→ TASK REQUIREMENTS:
In the entries that follow, find the line containing "Machu Picchu and lama, Peru" and the line containing "La passeggiata sul", then copy exactly everything from the first through the second except the pictures.
***** RECORD EXCERPTS
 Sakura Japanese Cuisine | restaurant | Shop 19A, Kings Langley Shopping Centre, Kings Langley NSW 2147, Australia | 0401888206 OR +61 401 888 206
**********
***** RECORD EXCERPTS
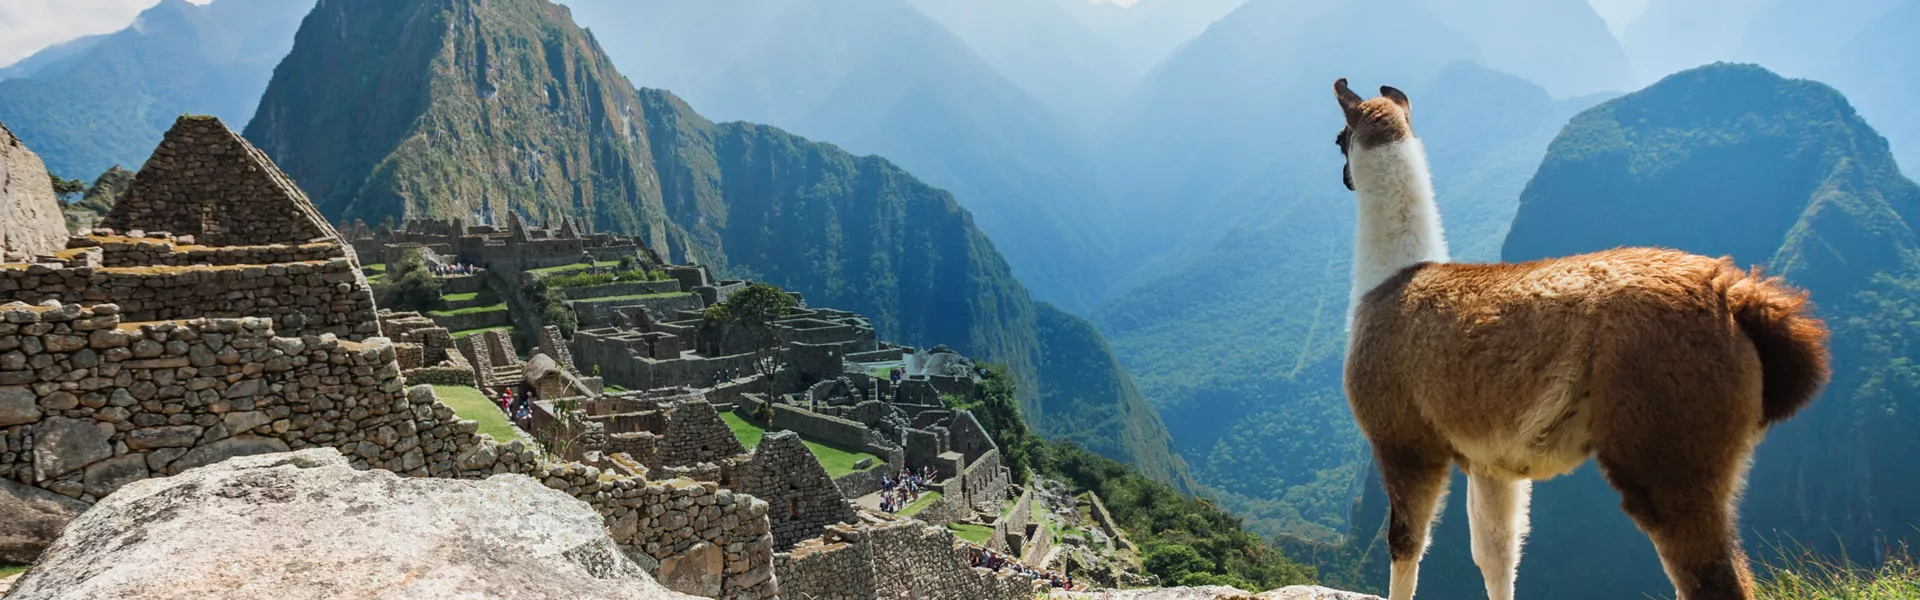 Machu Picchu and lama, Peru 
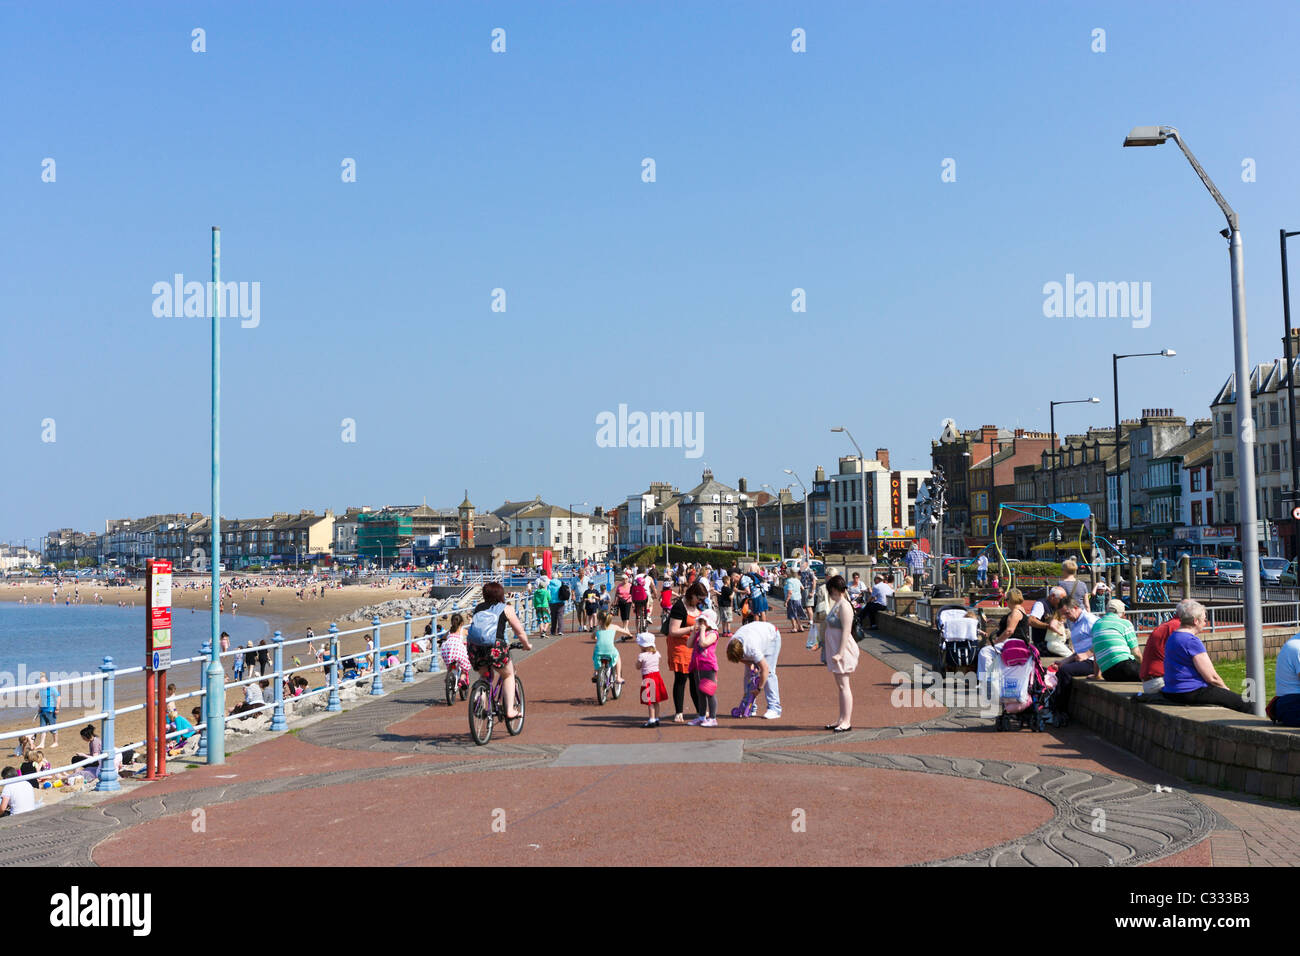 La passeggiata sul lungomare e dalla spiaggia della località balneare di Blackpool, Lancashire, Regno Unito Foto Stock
**********
→ YOUR SOLUTION:
 Machu Picchu and lama, Peru 
 La passeggiata sul lungomare e dalla spiaggia della località balneare di Blackpool, Lancashire, Regno Unito Foto Stock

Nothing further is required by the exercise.